START Data section

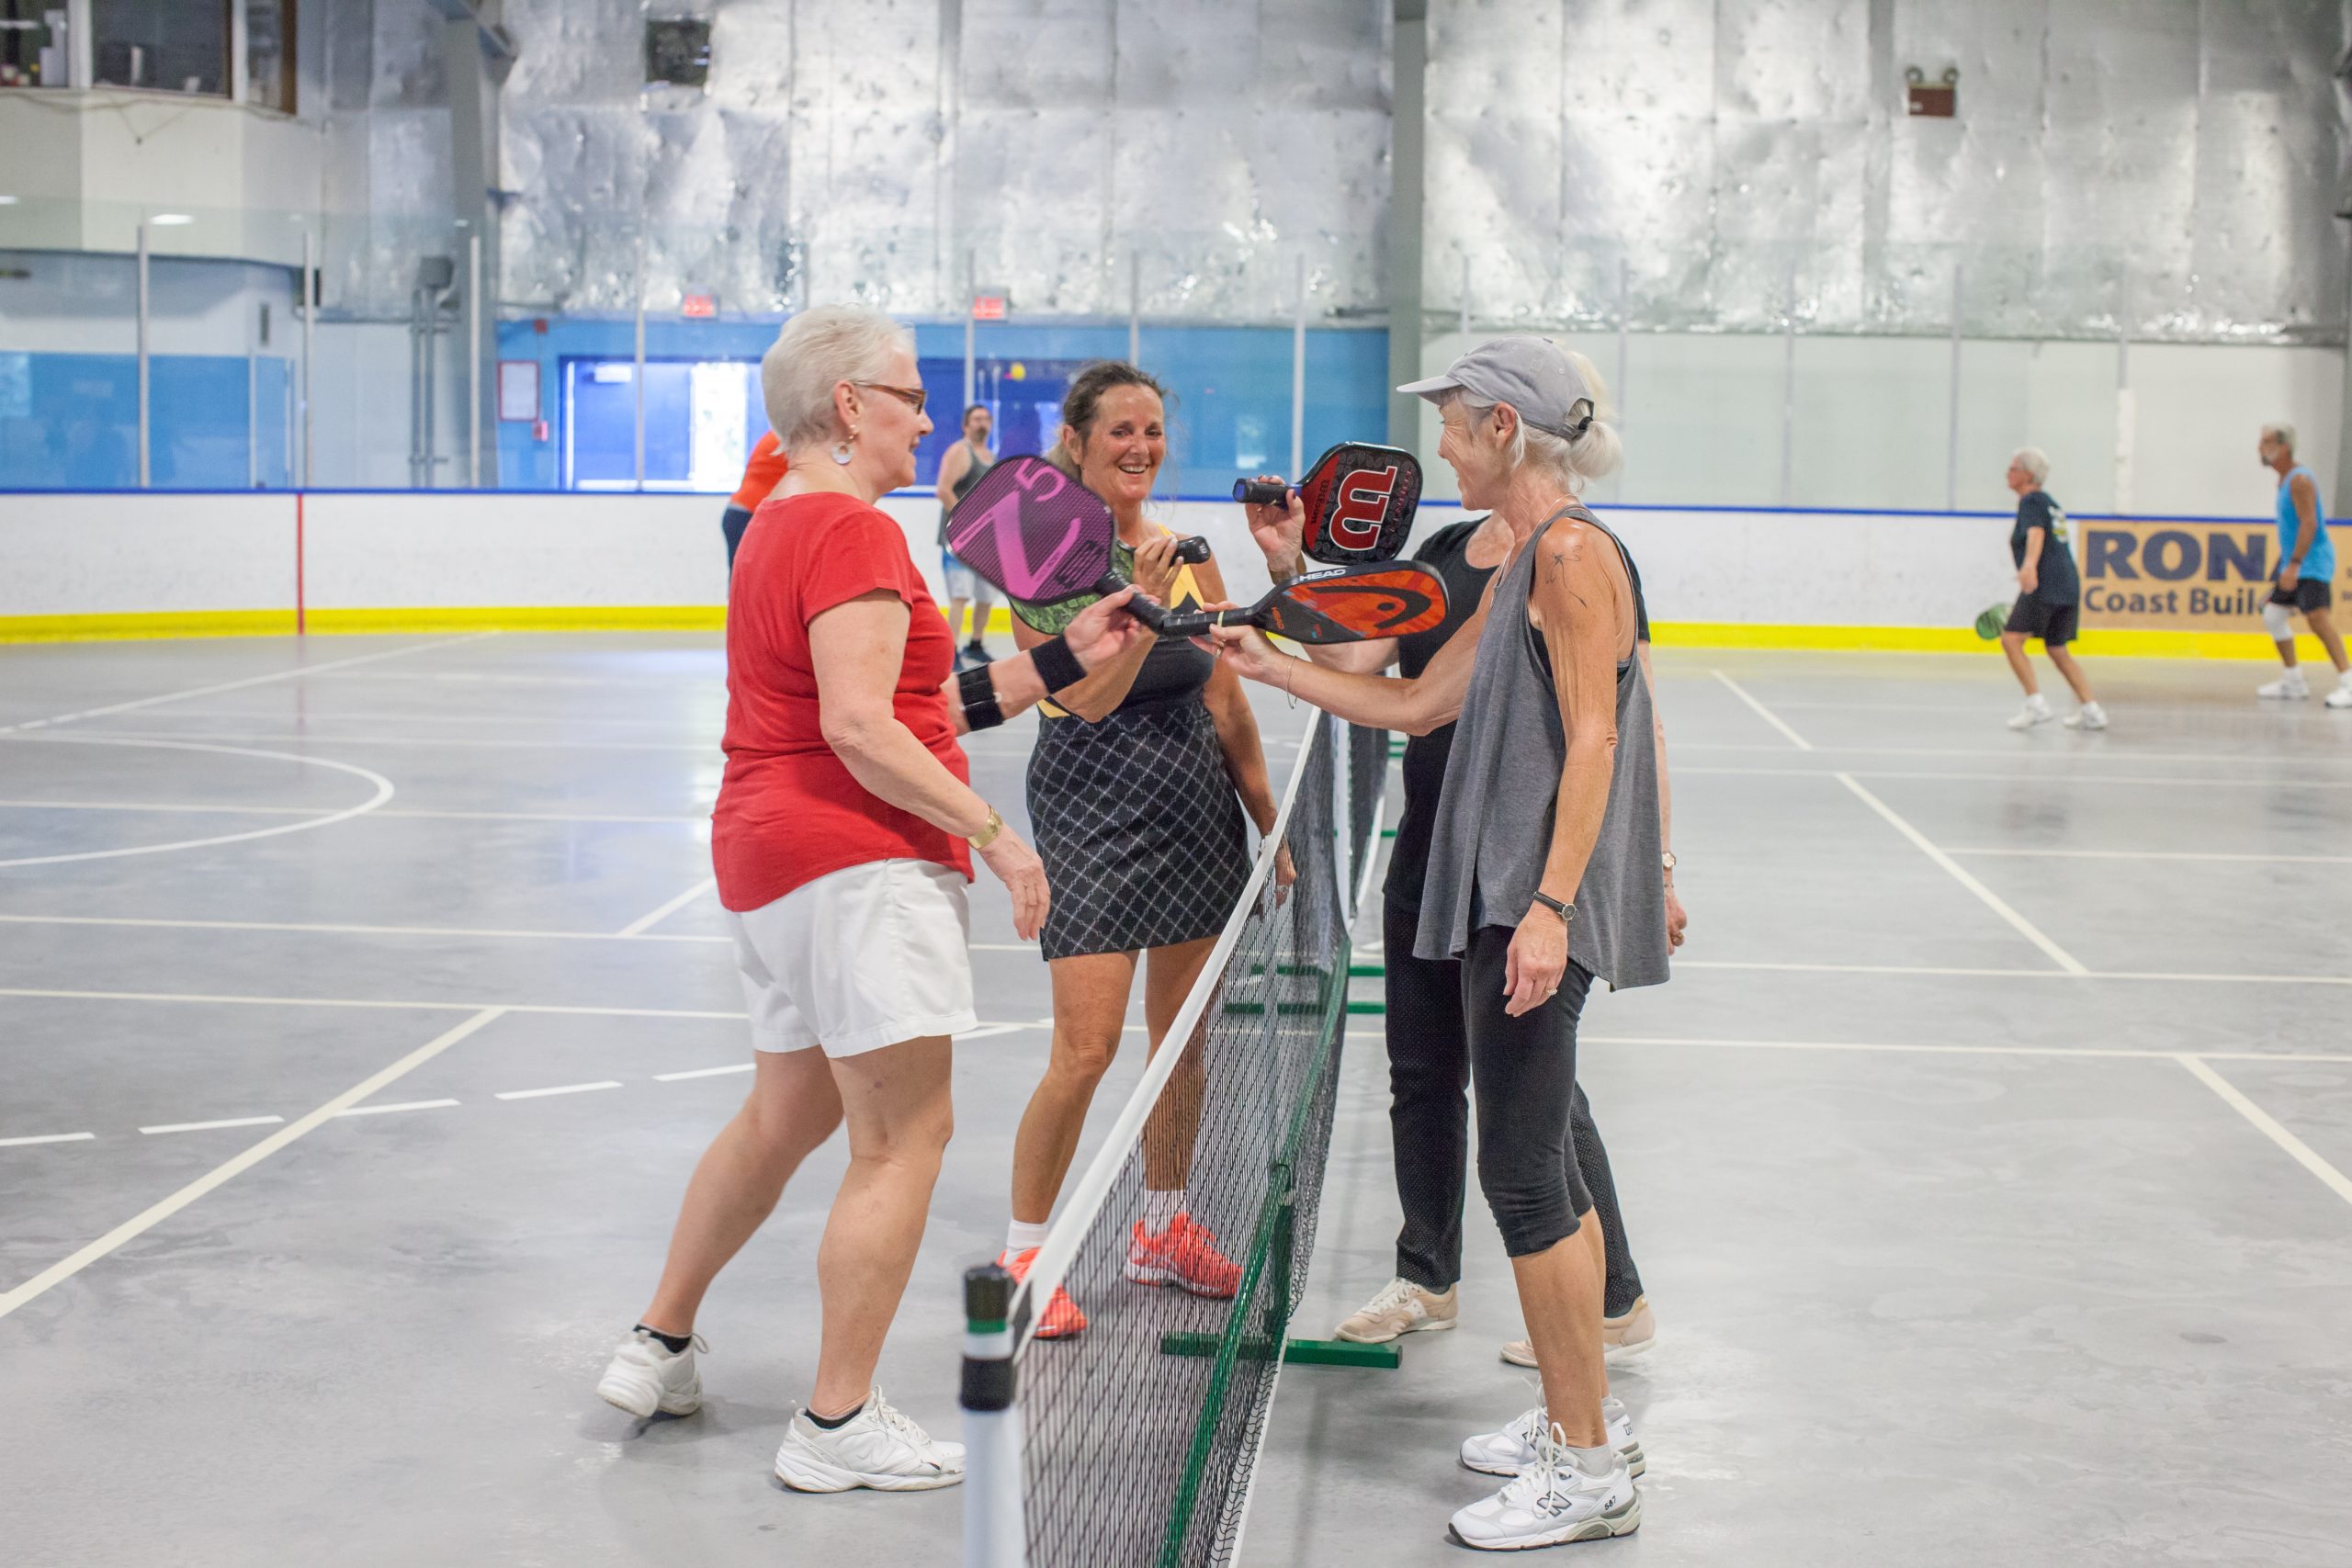 four people meet at the net after plying pickleball
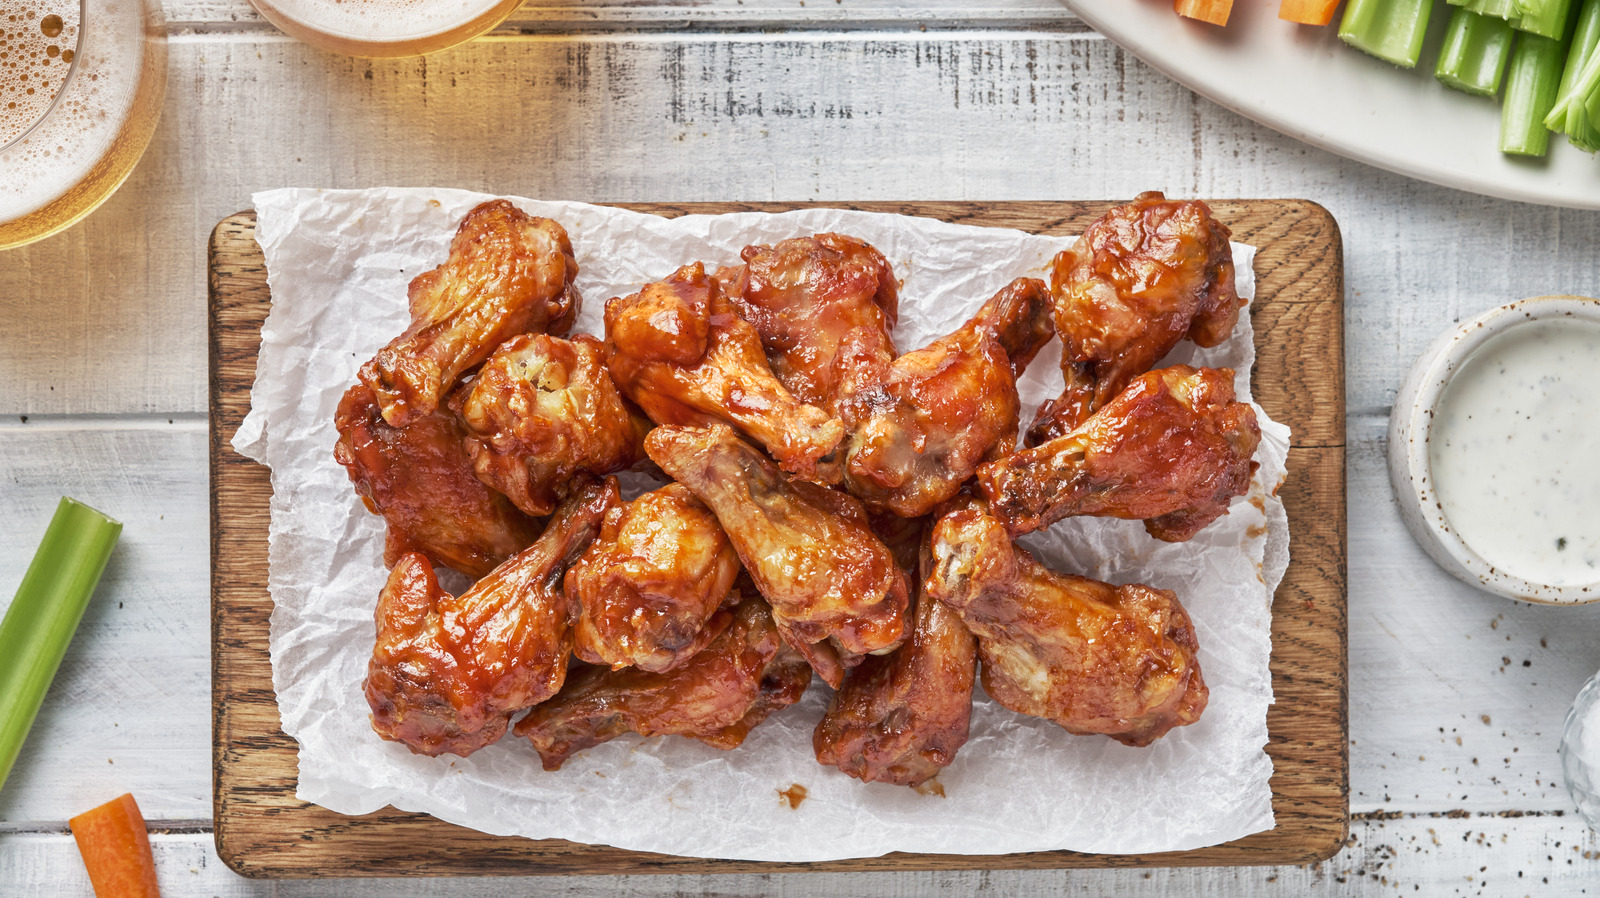 Over 1 Billion Chicken Wings Are Expected To Be Eaten For Super Bowl 2023
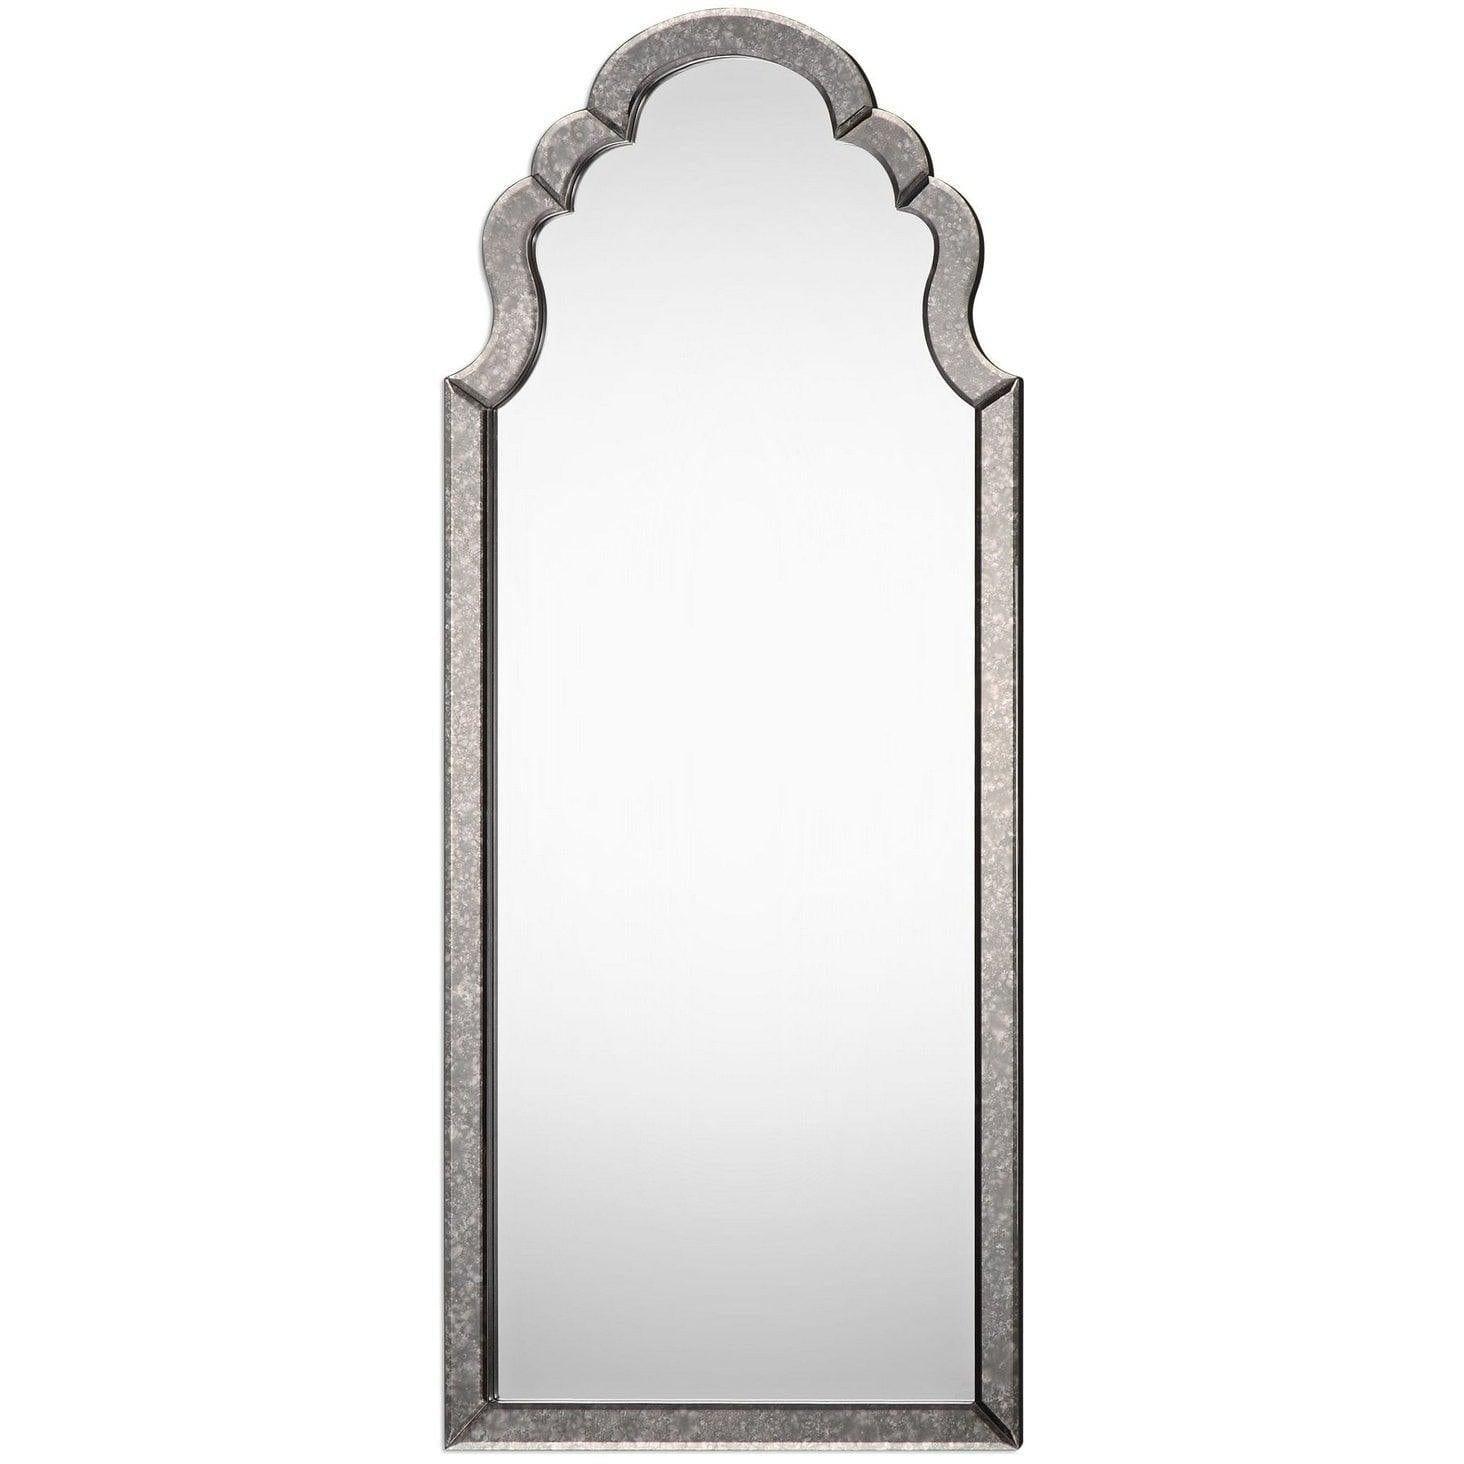 The Uttermost - Lunel Mirror - 09037 | Montreal Lighting & Hardware

END Data section

Assigned task - Copy the data exactly. Pictures do not belong in the copy.

Task response -
 four people meet at the net after plying pickleball
 Over 1 Billion Chicken Wings Are Expected To Be Eaten For Super Bowl 2023
 The Uttermost - Lunel Mirror - 09037 | Montreal Lighting & Hardware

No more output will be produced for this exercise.